DATA —
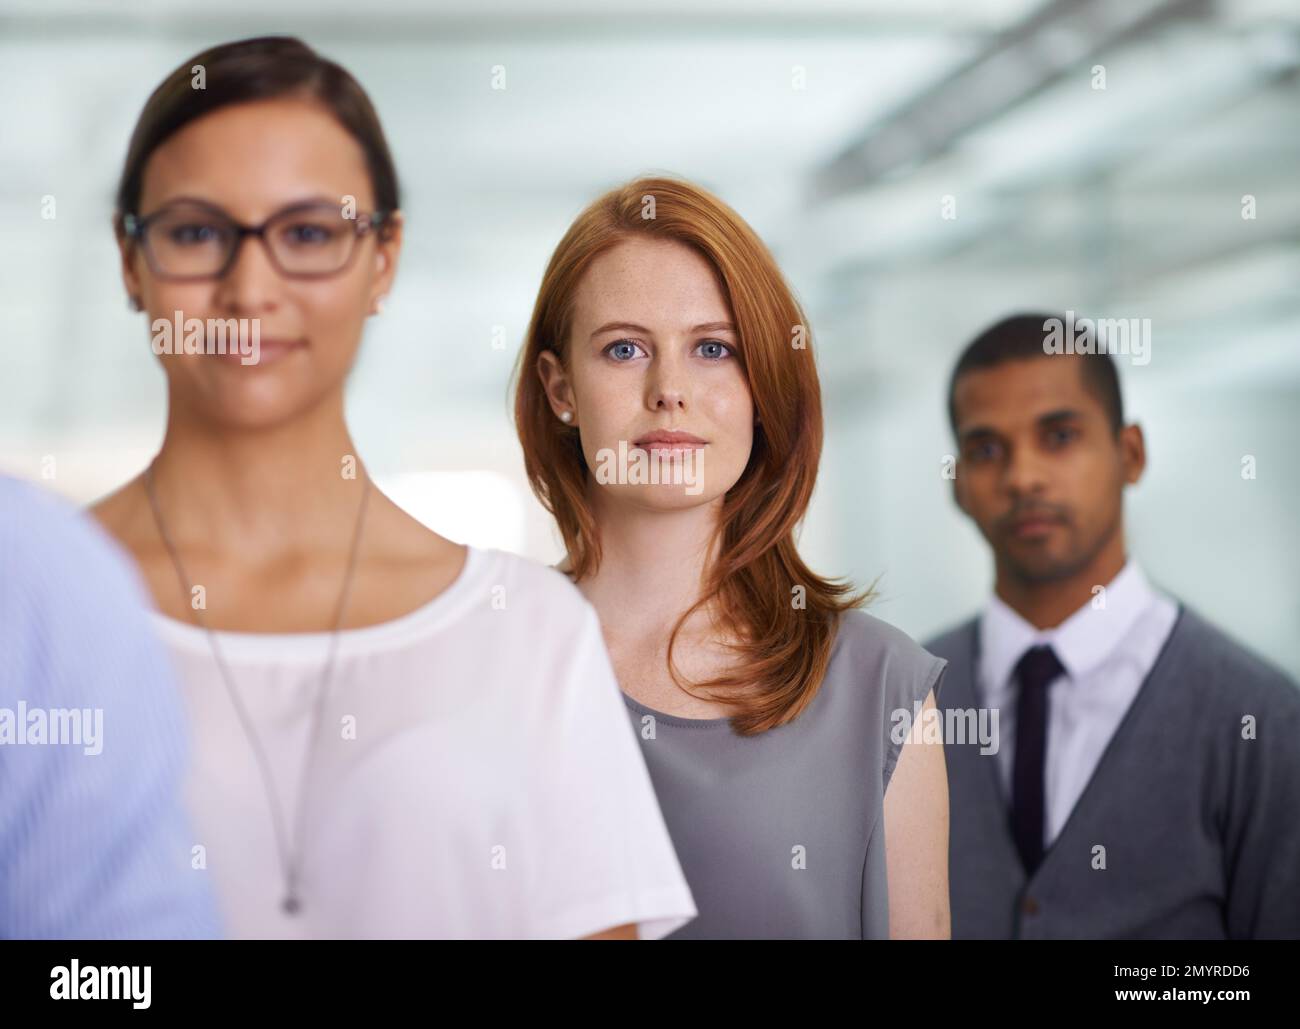 Gemeinsam können wir mehr erreichen. Porträt einer jungen Geschäftsfrau, die unter ihren Kollegen in einem Büro steht. Stockfoto
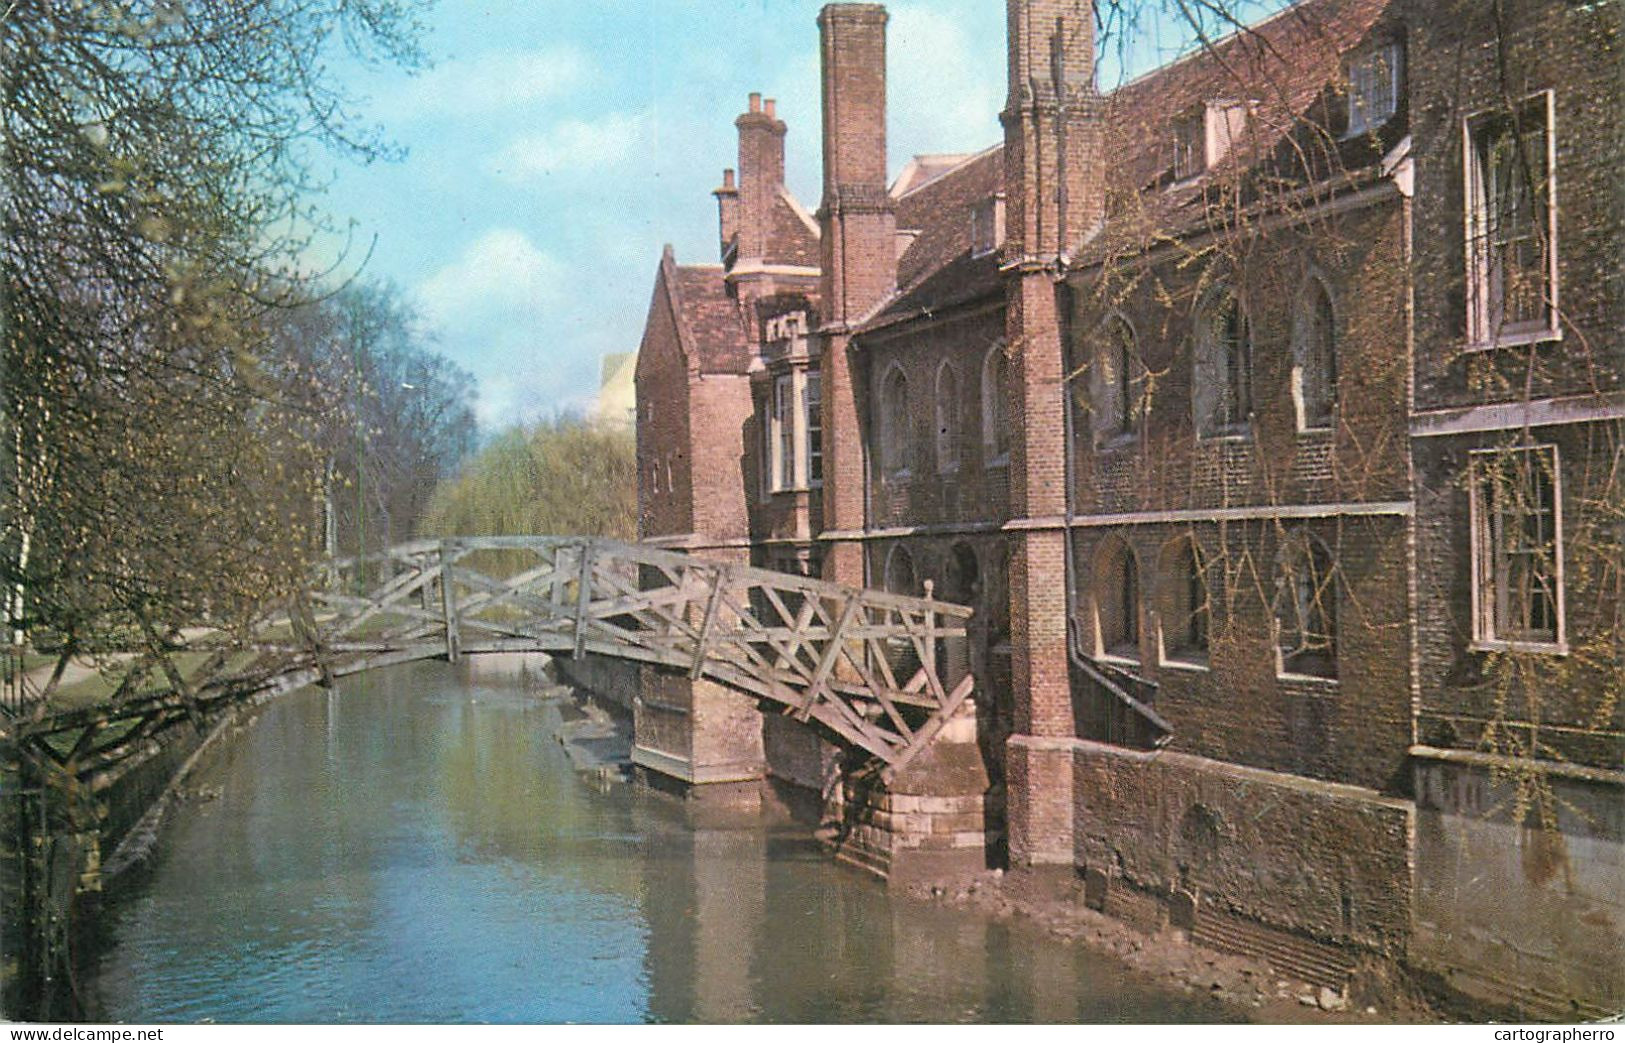 England Cambridge Queen's College Wooden Bridge - Cambridge
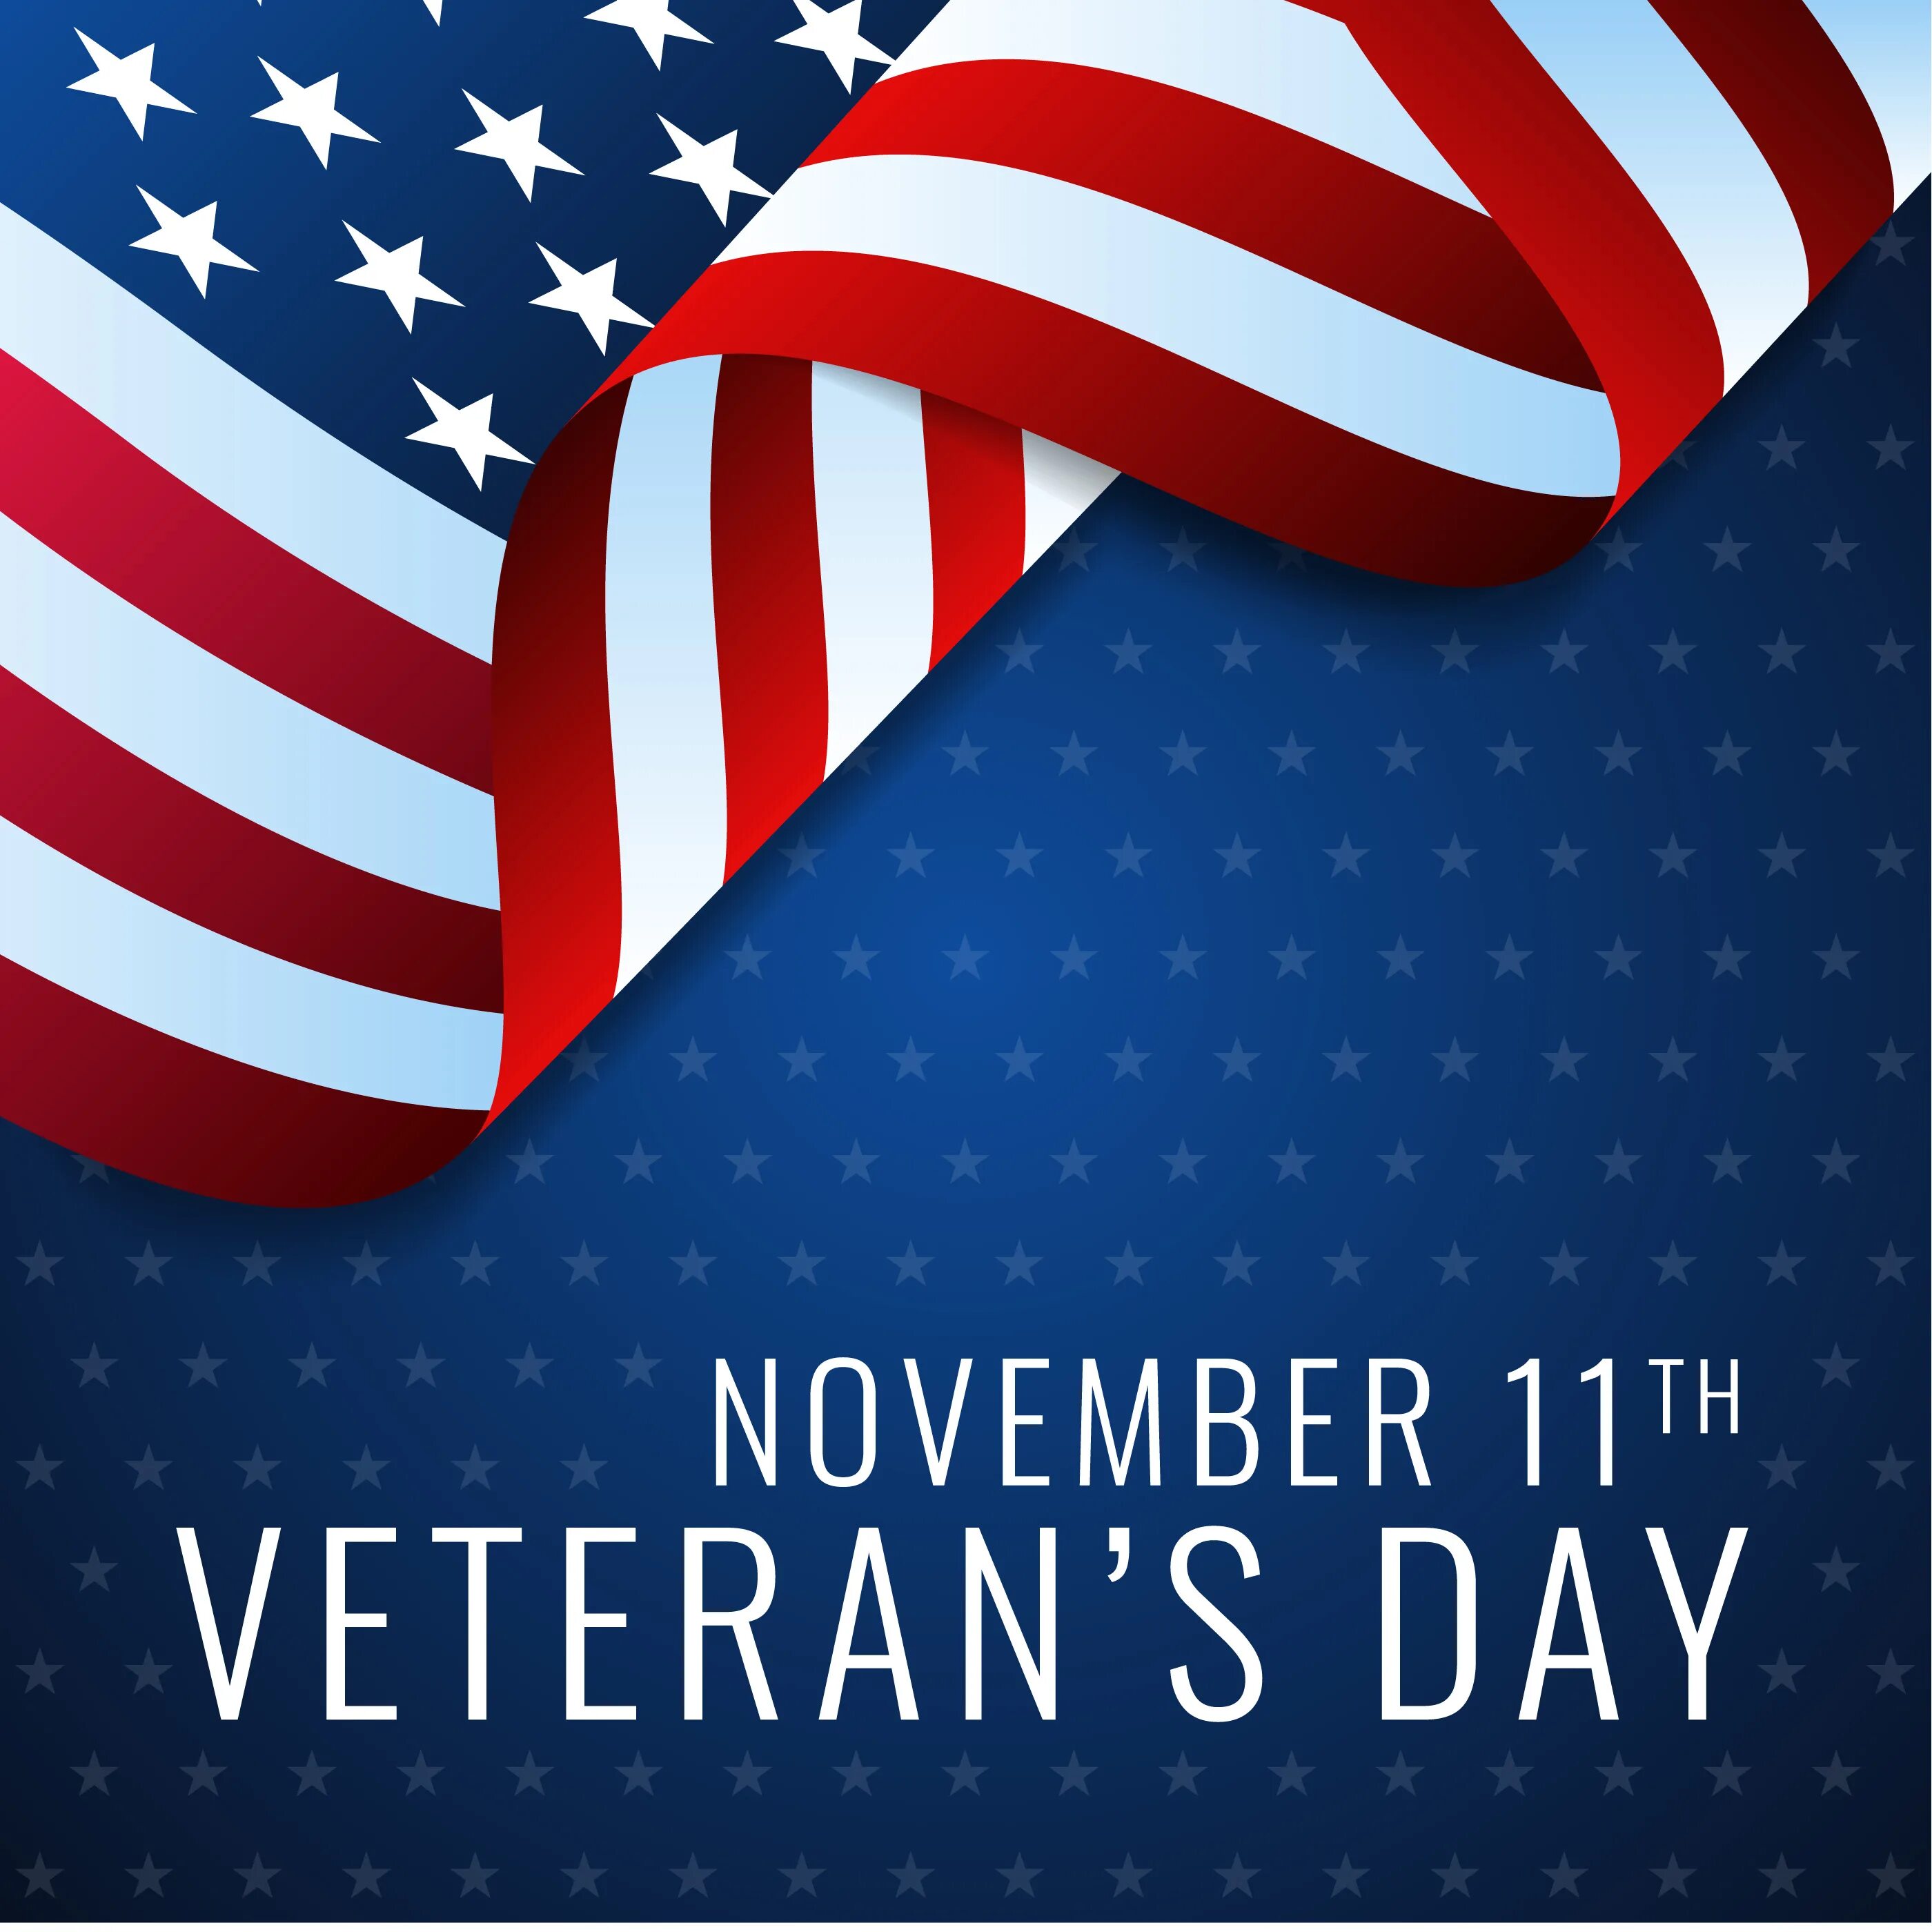 Veterans day. Happy veterans Day. Veterans Day USA. Veteran's Day. Veterans Day in the USA.

EXERCISE REQUIREMENTS — Once the pictures are set aside, repeat the remaining data word for word.

FINISHED TASK —
 Gemeinsam können wir mehr erreichen. Porträt einer jungen Geschäftsfrau, die unter ihren Kollegen in einem Büro steht. Stockfoto
 England Cambridge Queen's College Wooden Bridge - Cambridge
 Veterans day. Happy veterans Day. Veterans Day USA. Veteran's Day. Veterans Day in the USA.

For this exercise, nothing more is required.